SS Ron Washington .246/.296/.325 4 HR 69 OPS+ -1.6 BFW 4 WS 8 FRAR -1.1 WARP3
SS Lenny Faedo .277/.291/.335 1 HR 70 OPS+ -1.9 BFW 2 WS 1 FRAR -1.1 WARP3
The shortstop position was a giant question mark during spring training, and remained so throughout the year. Washington and Faedo got most of the playing time, but neither of them were able to impress Gardner or Griffith enough to land the job on a permanent basis. Faedo played a few games with the Twins in 1984, but was released in the spring of 1985. Washington stuck around as a utility player.
3B Gary Gaetti .245/.309/.414 21 HR 95 OPS+ 0.3 BFW 17 WS 31 FRAR 2.0 WARP3
Gaetti always liked to say that he didn’t care much about batting average. After wins, the most important statistic to him was home runs. He proved that again in 1983, though he had not yet reached his power potential.
LF Gary Ward .278/.326/.440 19 HR 106 OPS+ 1.6 BFW 17 WS 22 FRAR 1.8 WARP3
On August 30, Gary Ward was hit in the face with a Dan Petry pitch. The blow fractured his nose in five places and the rest of his face was badly swollen and bleeding. Just a week later, Ward was back in the lineup with new protective head gear, described by Patrick Reusse as a “Darth Vader mask.” He went 4-for-4 and amazed just about everybody by showing no ill effects from the incident. Despite the fact that Ward was probably the team’s MVP in 1983, he was traded to the Texas Rangers in December for Mike Smithson and Ron Butcher. Ward reacted with shock and a few charged comments:
“The way I see it, they don’t want any black players over there that play every day. What else can I think?”

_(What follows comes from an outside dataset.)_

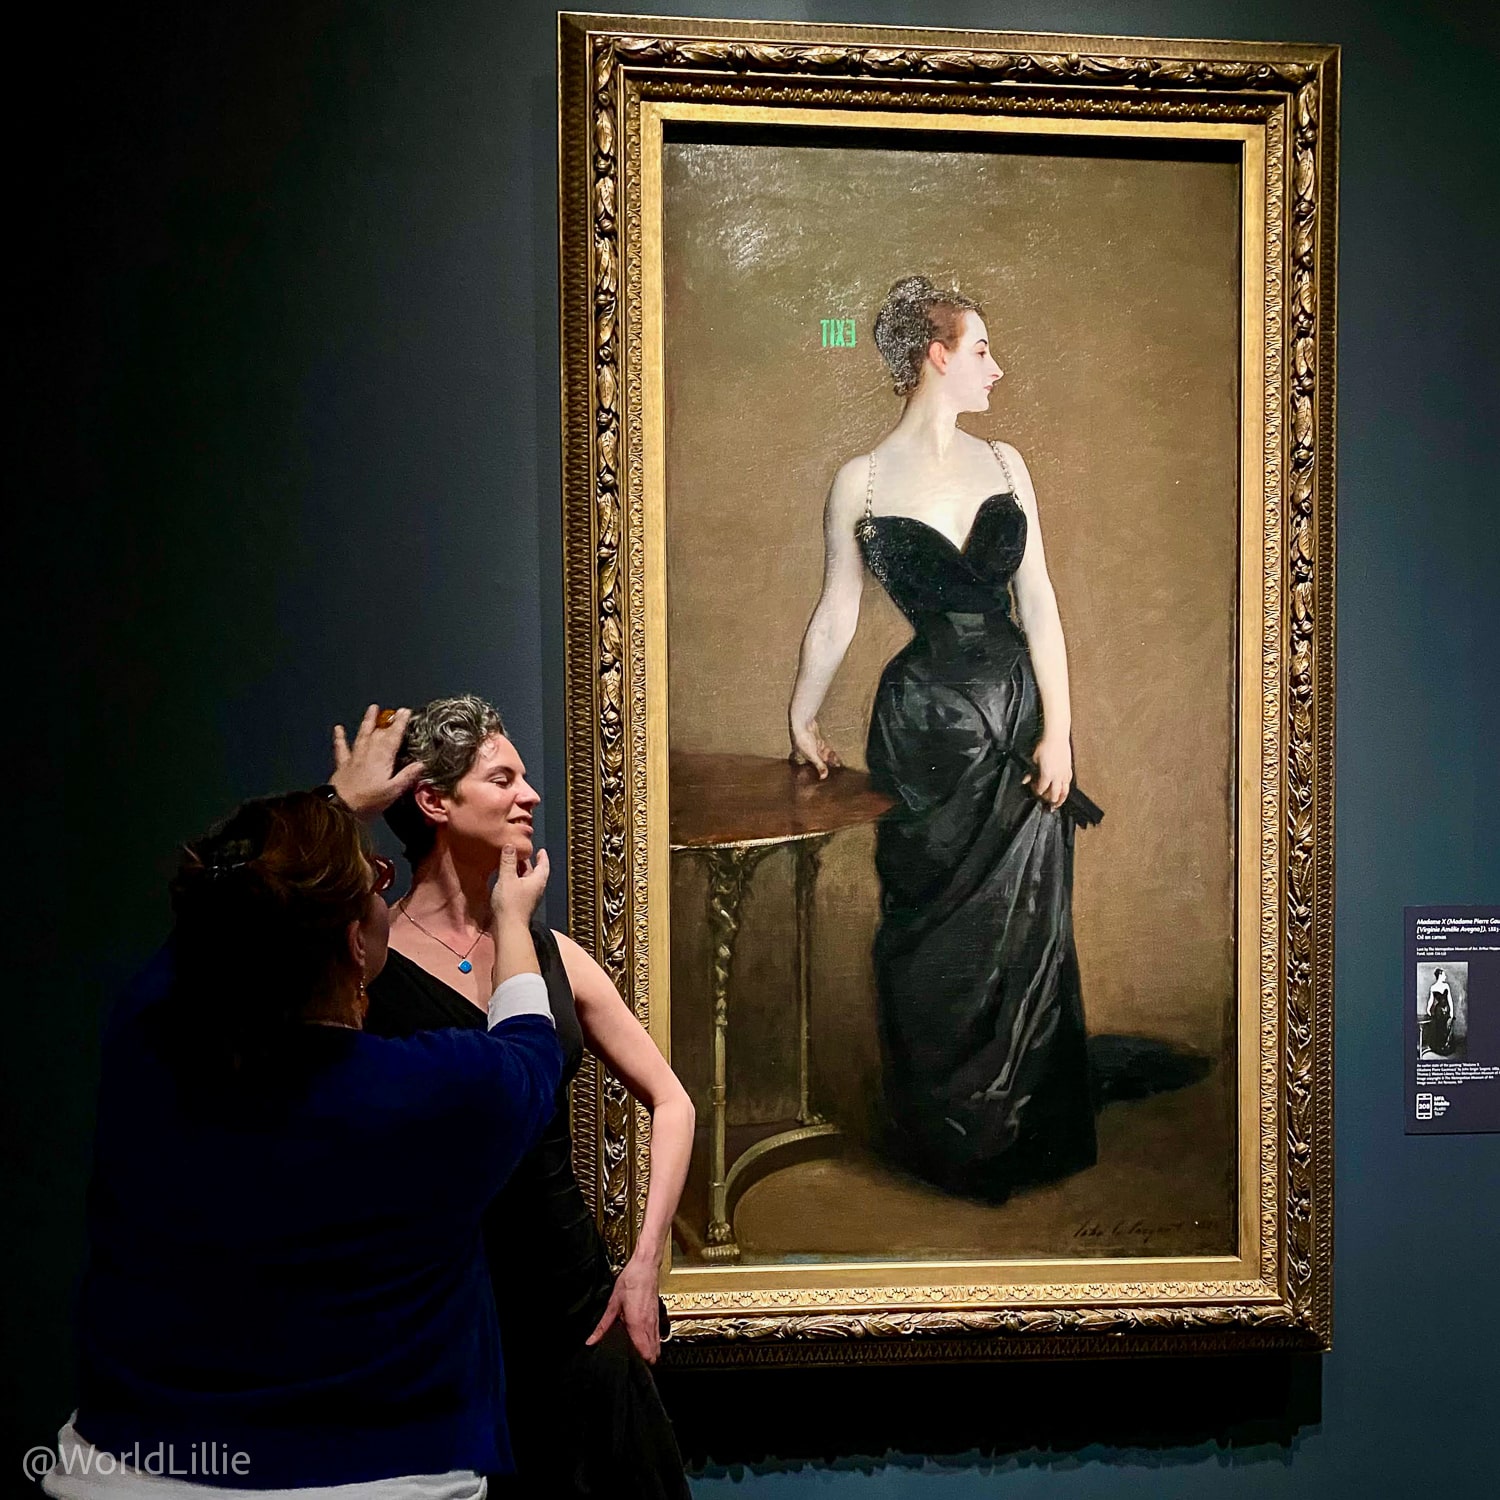 Me being "sculpted" by a friendly stranger to pose like Sargent's "Madame X."

Howard Fox responded to Ward’s comments:
“I’m sorry he ever mentioned anything like that because he was never being treated any other way than any other player. I was sorry to see him get traded because I like him as a person. But we had to improve our pitching and, because of his age, Gary was the logical player to trade.”
Ward played three seasons with the Rangers before joining the Yankees. He was about an average player over the years.
CF Darrell Brown .272/.297/.304 0 HR 64 OPS+ -2.1 BFW 3 WS -2 FRAR -2.4 WARP3
CF Bobby Mitchell .230/.354/.303 1 HR 81 OPS+ -0.6 BFW 3 WS -2 FRAR -0.9 WARP3
Aside from shortstop, the most unsettled position was centerfield. The Twins acquired Brown as a free agent from Oakland, and Mitchell had been the regular centerfielder in 1982. The hope was that Jim Eisenreich would return and play regularly, but he continued to have problems with what was later identified as Tourette Syndrome.
RF Tom Brunansky .227/.308/.445 28 HR 102 OPS+ 0.5 BFW 15 WS 23 FRAR 1.9 WARP3
Similar to Hrbek and Gaetti, 1983 was another year of experience for Brunansky. His numbers didn’t look significantly different from 1982. What is interesting is how positively his fielding looked in the early years. He actually played 38 games in centerfield.
DH Randy Bush .249/.323/.418 11 HR 100 OPS+ -0.4 BFW 8 WS 0 FRAR 0.0 WARP3
Bush was the primary designated hitter against right-handed pitching. When a lefty was on the mound, the Twins rotated Hatcher and Engle.
UT Mickey Hatcher .317/.342/.445 9 HR 112 OPS+ 0.7 BFW 11 WS 14 FRAR 2.1 WARP3
Thought he had a very strong season at the plate, Mickey Hatcher did not earn an every day job. His first position was first base, which was occupied by Hrbek. He also could play third, but that was Gaetti’s position. Hatcher also had experience at the corner outfield positions, but those were occupied by Ward and Brunansky. That left Hatcher as a sort of super-utility player and designated hitter.